Because of the recent attacks on oil installations and kidnap of some foreign and local oil workers and their relations in the Niger-Delta region, the International Maritime Organisation has classified Nigeria alongside Indonesia and Malaysia as countries possessing porous waterways.
In fact, the Nigerian water ways is becoming very dangerous. For instance, between Bayelsa and Rivers states boundaries, we have about 3,000 river entrances in the creeks.
Such entrances are where criminal elements were hiding, especially where these rivers are leading to the sea.
If the Navy is having about 12 gun boats in addition to the existing ones, it would be able to meet with the challenges being faced from the Sea Pirates in the nation's water ways.

New Platforms
The 17 and 31 Metre Boats, we believe, will add bites to our efforts at combating sea piracy in our water ways especially in the troubled Niger-Delta region
Two out of the six gunboats we have ordered to boast our operations will be arriving Nigeria before the year runs out, the next two will follow suit within a short time.
The class of vessels we are bringing is called 'Manther Class Patrol boats." This class of patrol boats are very good, fast and well protected to combat pirates at sea.

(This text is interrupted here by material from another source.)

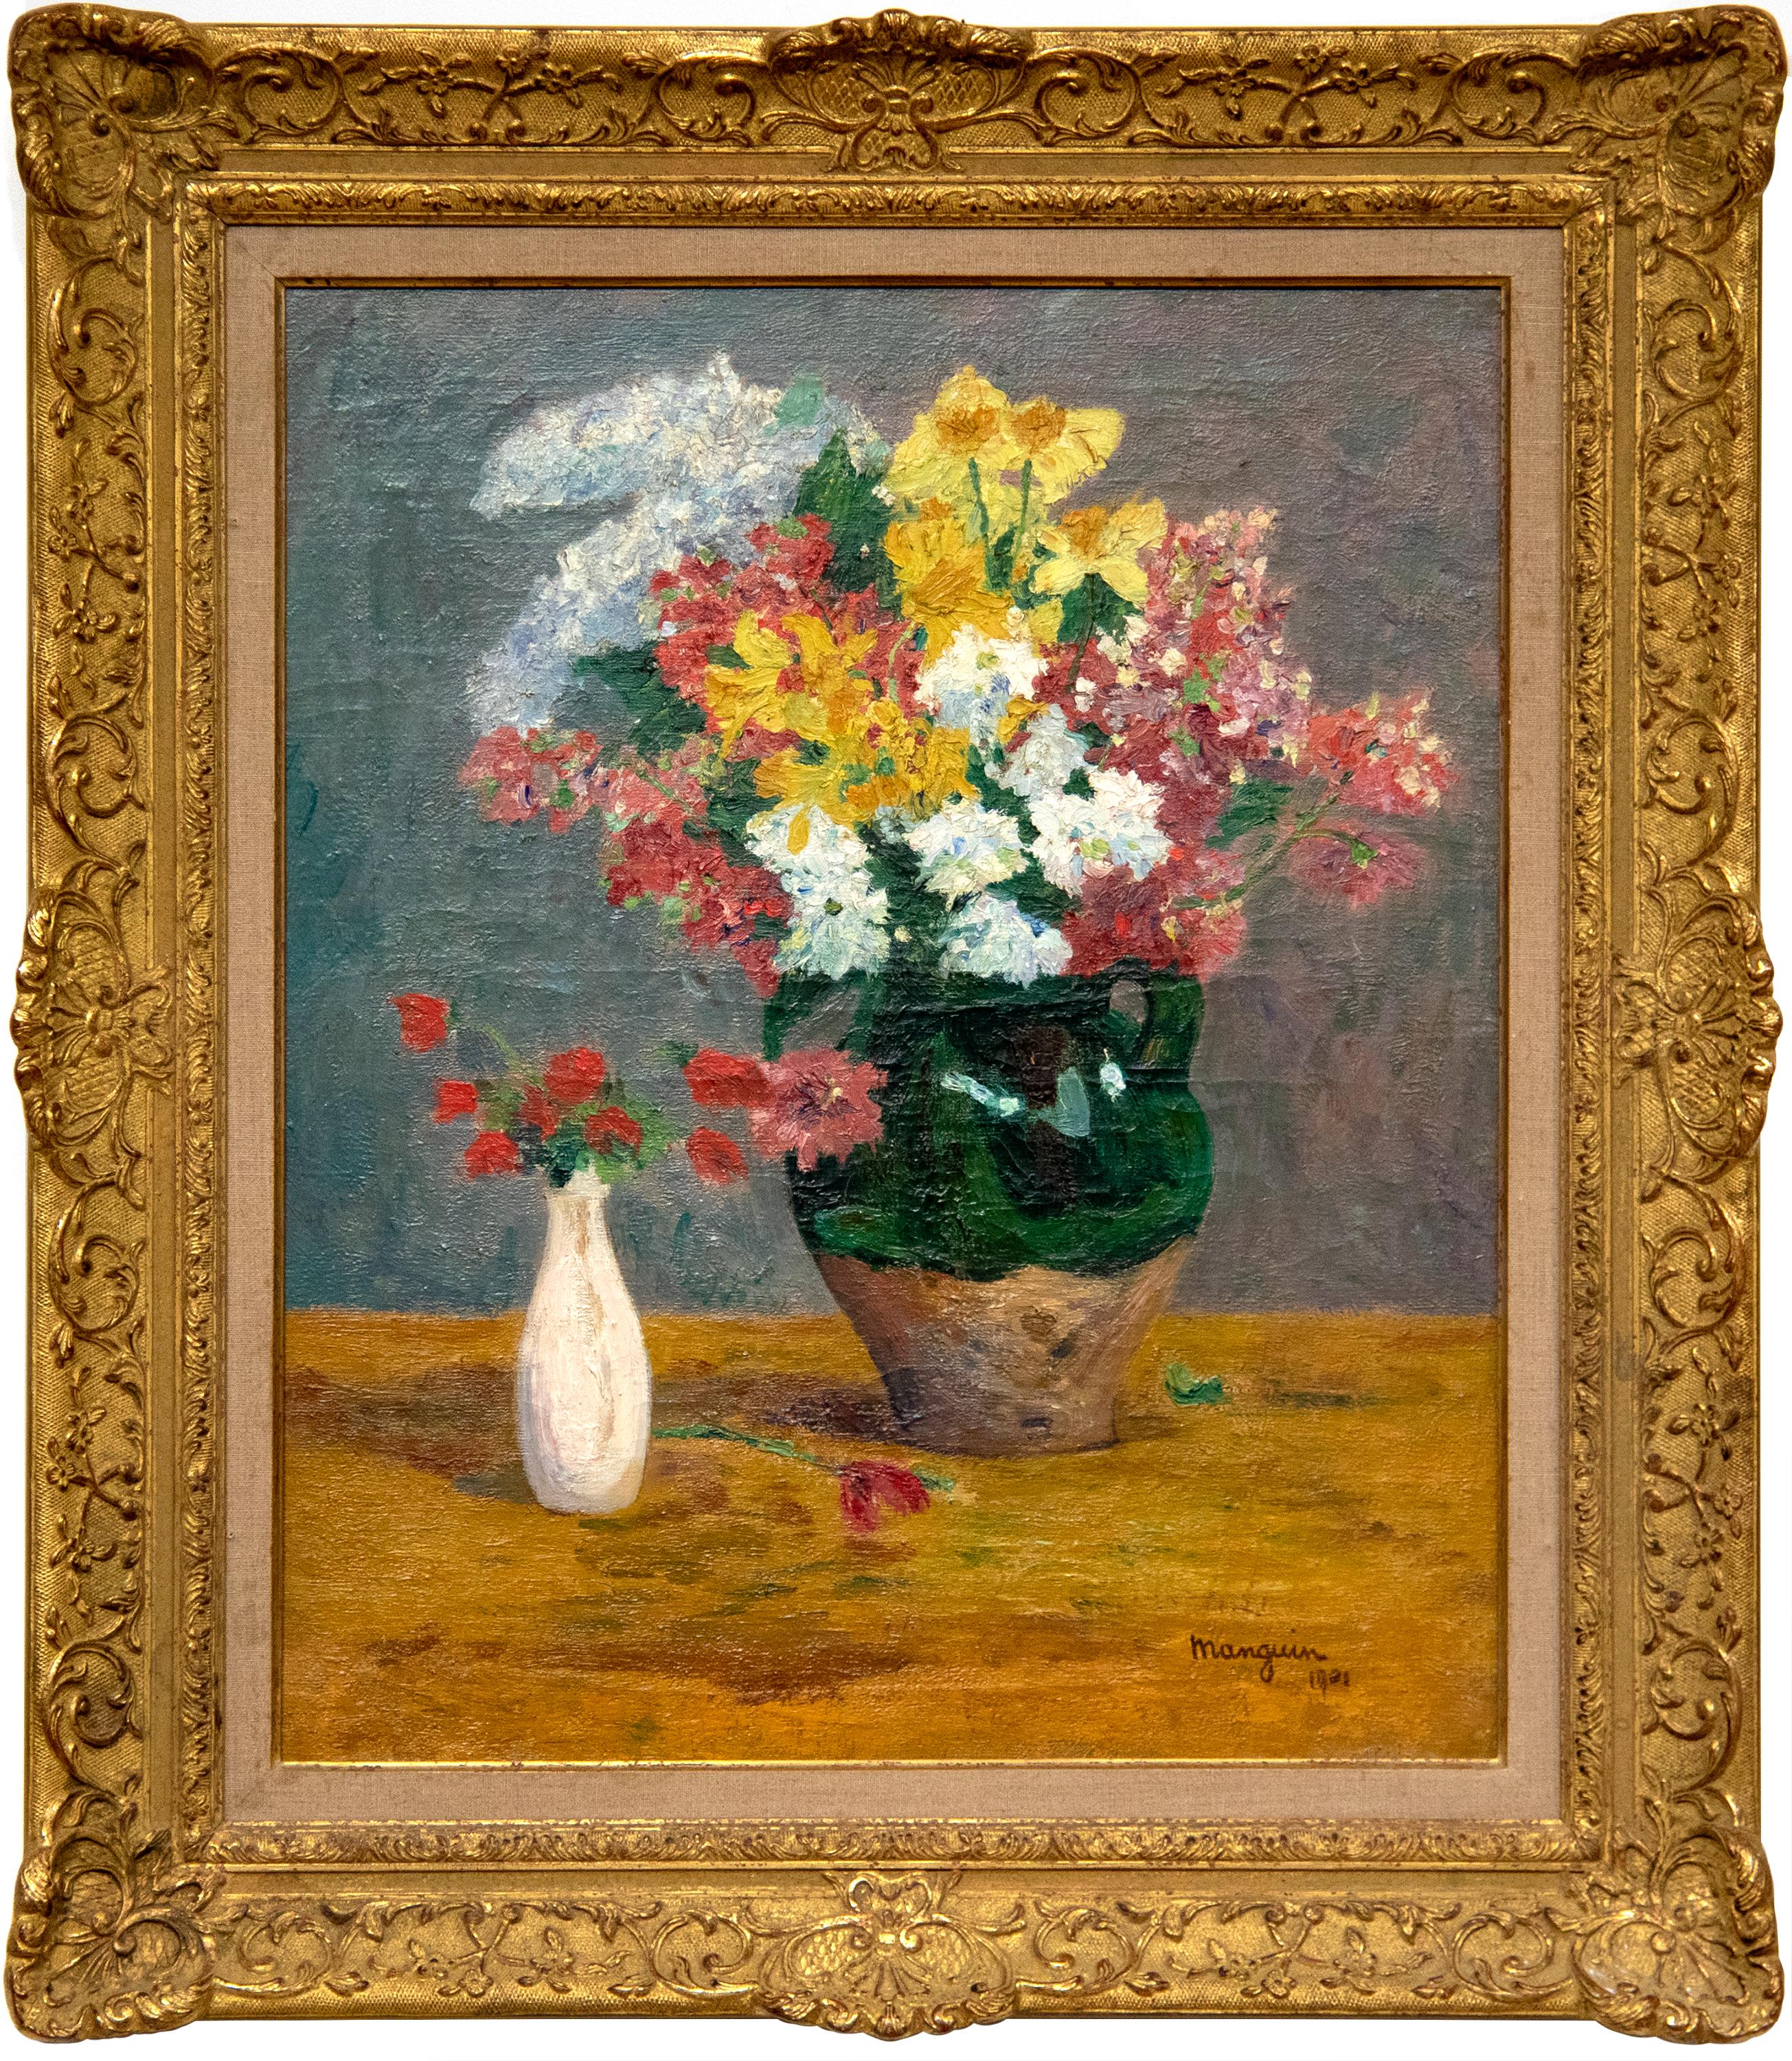 Bouquets de fleurs (Bouquet of Flowers) - Painting by Henri Manguin
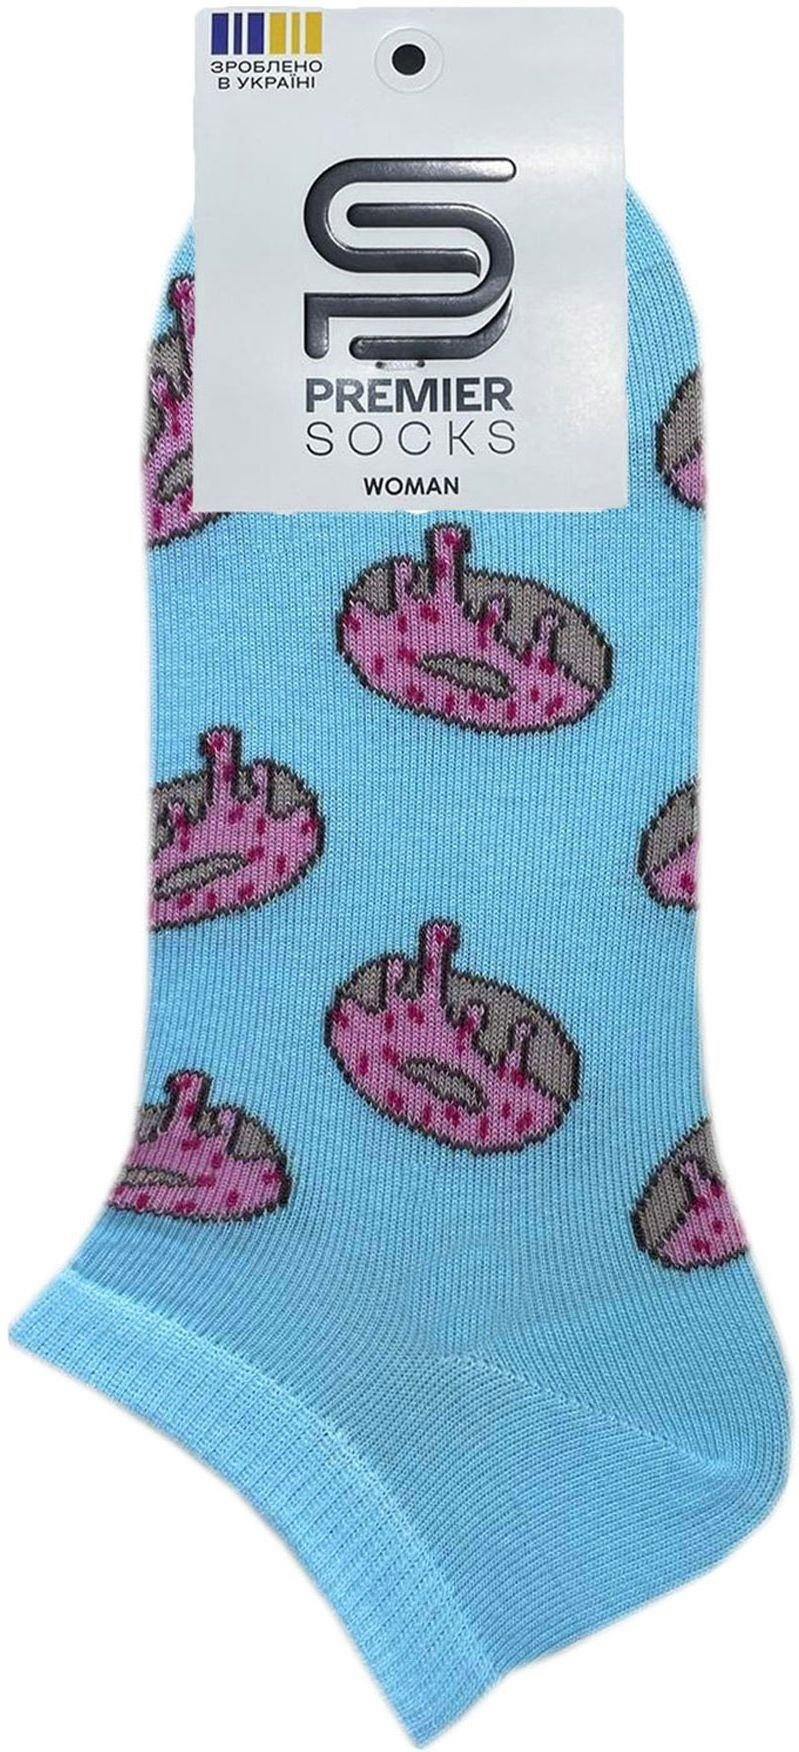 Носки женские Premier Socks 36-40 1 пара голубые с принтом Пончики (4820163318905) фото 2

We want to assure Nigerians that the Nigerian Navy would not be deterred by critics seeking to shoot down our achievements, as we have progressed greatly towards ensuring that Nigeria's oil installation would be adequately policed. In September this year, the Nigerian Navy would be taking delivery of a its first locally built combat patrol vessel, designed and built in Nigerian Naval dockyard in Lagos.
This combat vessel would be the first to be built in Nigeria by any ship builder or dockyard. Already work has reached an advanced stage and we are not going back on the construction of the vessel which will raise the way we do things here.

This first step would lead the Nigerian Navy to many others, especially in warship design and building.
The belief in the past had been that the navy cannot achieve this is erroneous, because works done so far have indicated that the Nigerian Navy is capable of building a gunboat of its own.